The Swedes would also need to be massaged. Kuznetsov had killed a Swedish intelligence officer and had sliced open a cop. It would be hard to let a guy like that ride off into the Italian sunset.

Espionage, though, was a dirty business. Sometimes, unsavory deals had to be struck with bad actors — especially when it meant preventing a war.

“Anything else I need to know before I talk with him? What are his grudges against the military and the GRU?”

Vella glanced at some notes he had made. “He was born into a lower-class family. Despite being highly intelligent, he thinks the Russian military, and especially the GRU, have prohibited him from reaching the rank and responsibility he rightly deserves.”

“So he’s got a Fredo Corleone complex,” Harvath replied, referring to the middle brother in the Godfather saga.

“He seems to realize that if he’s going to make any sort of a deal at all, now is the time to do it.”

It made sense, but from what the Old Man had taught him about his days of brokering deals with Soviet defectors in the Cold War, these things usually required a lot of back and forth. The talks were often complicated and prolonged. The veracity of the information the defectors provided had to be confirmed and always checked against multiple sources.

But those were different times and a much different scenario. Kuznetsov wasn’t some embassy walk-in. He was a prisoner — one with a limited amount of bargaining power and one against whom the clock was ticking.

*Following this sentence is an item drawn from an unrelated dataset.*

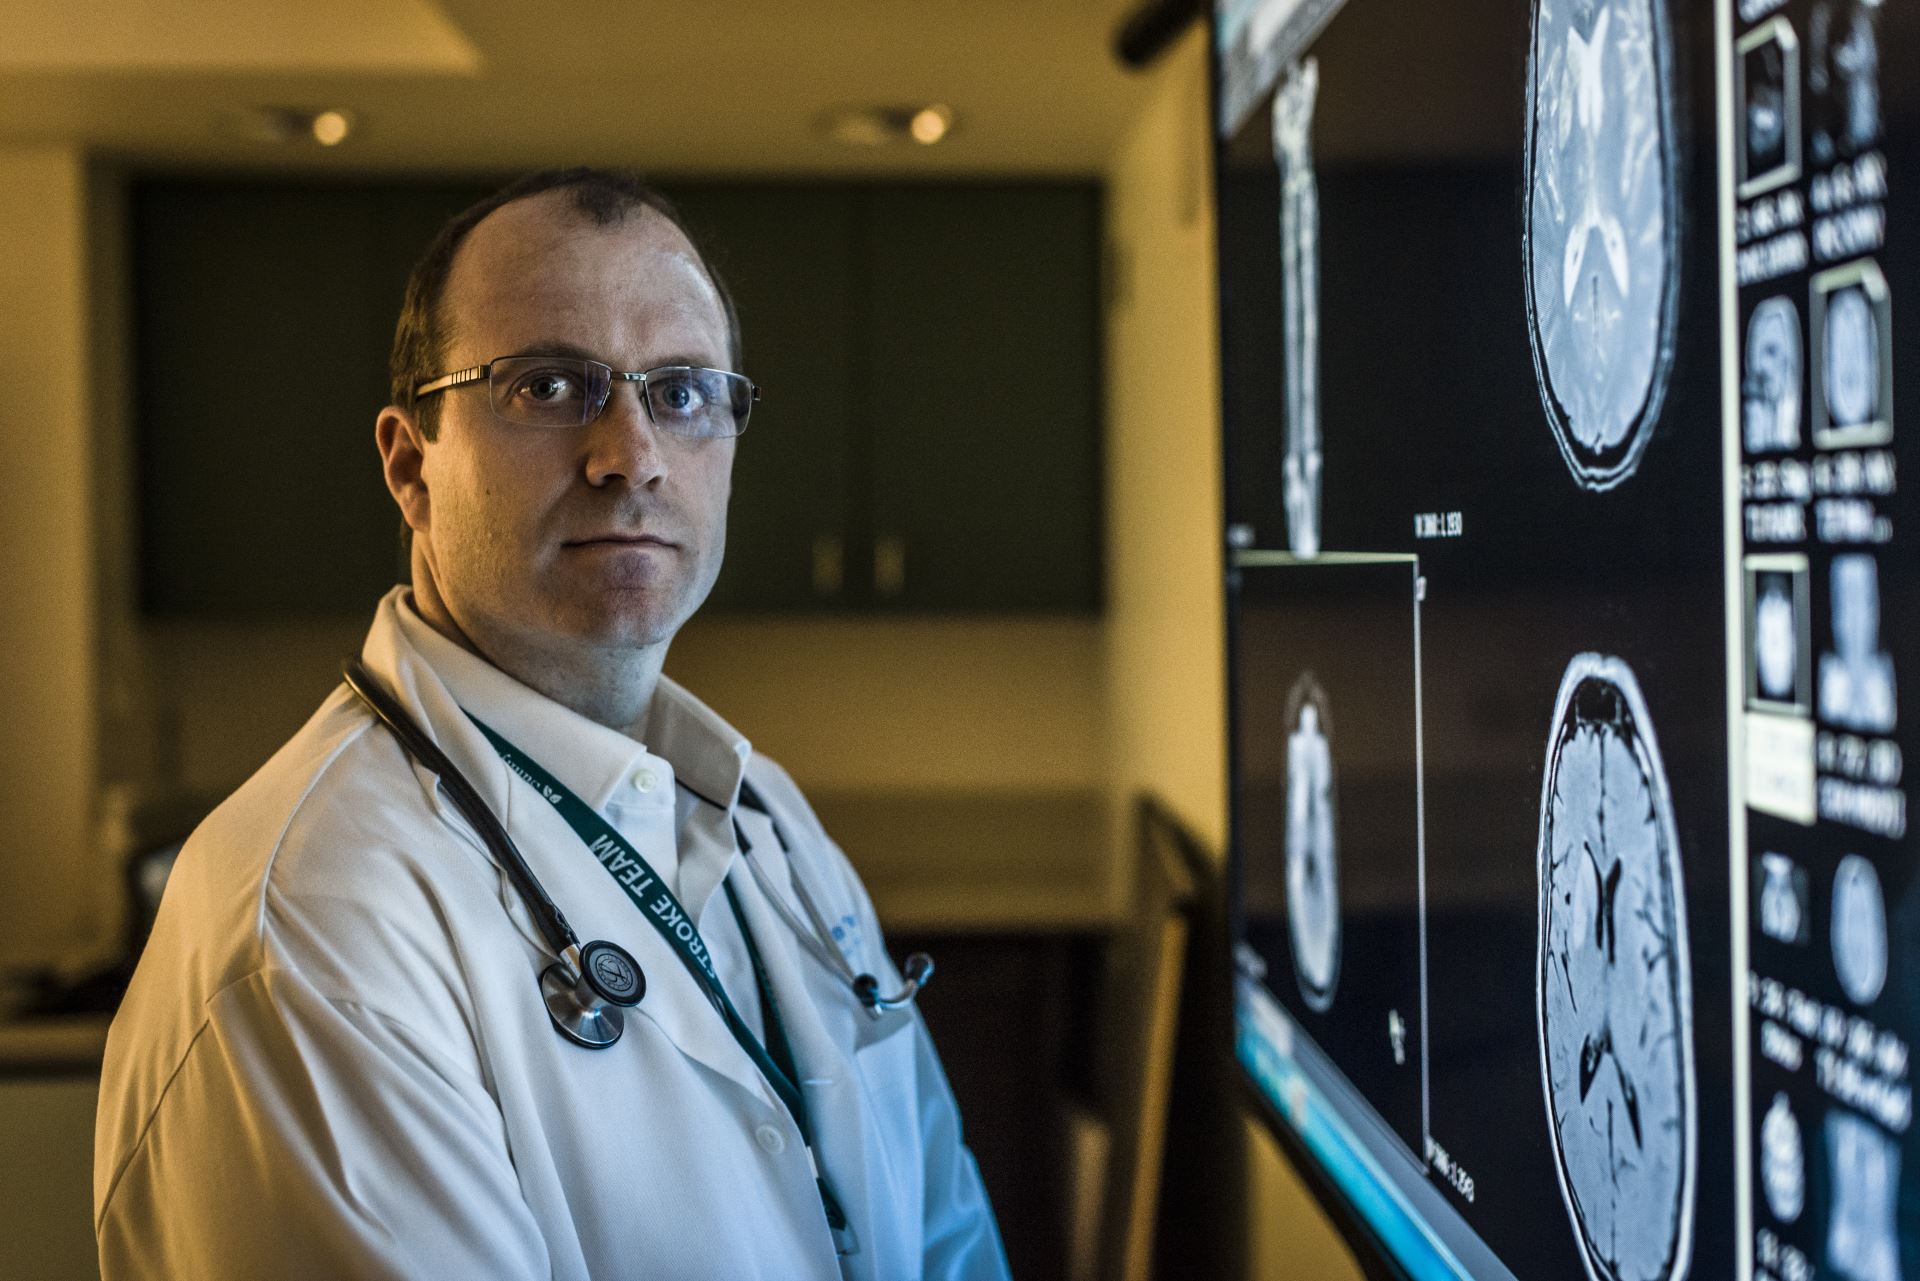 Dr. Rick Swartz appointed to the Bastable-Potts Chair in Stroke Research

By the same token, though, the clock was also ticking for Harvath. He desperately needed information and, like it or not, his best option was to try to cut a deal. As Vella had correctly pointed out, he had been given an opportunity. He needed to make sure he did everything he could to take advantage of it.

Working together, he and Vella set up the room exactly the way he wanted it. The conversation would still be videotaped, but he didn’t want it done under the harsh glare of the halogen lights. Harvath wanted to sit across from the Russian in order to read him. Vella’s machines were one thing, but Harvath put his ultimate confidence in how he felt in his gut and what he could see with his own two eyes.

He called upstairs to Staelin and asked him to brew him some coffee and to bring it down along with some bottled water for their captive.

Kuznetsov, being Russian, might also want a smoke. Harvath knew that Vella used cigarettes as incentives with detainees and sure enough, the man had brought along several packs. He placed one on the table along with a small box of matches.

When everything was exactly as he wanted, Harvath walked over to Kuznetsov and removed his hood.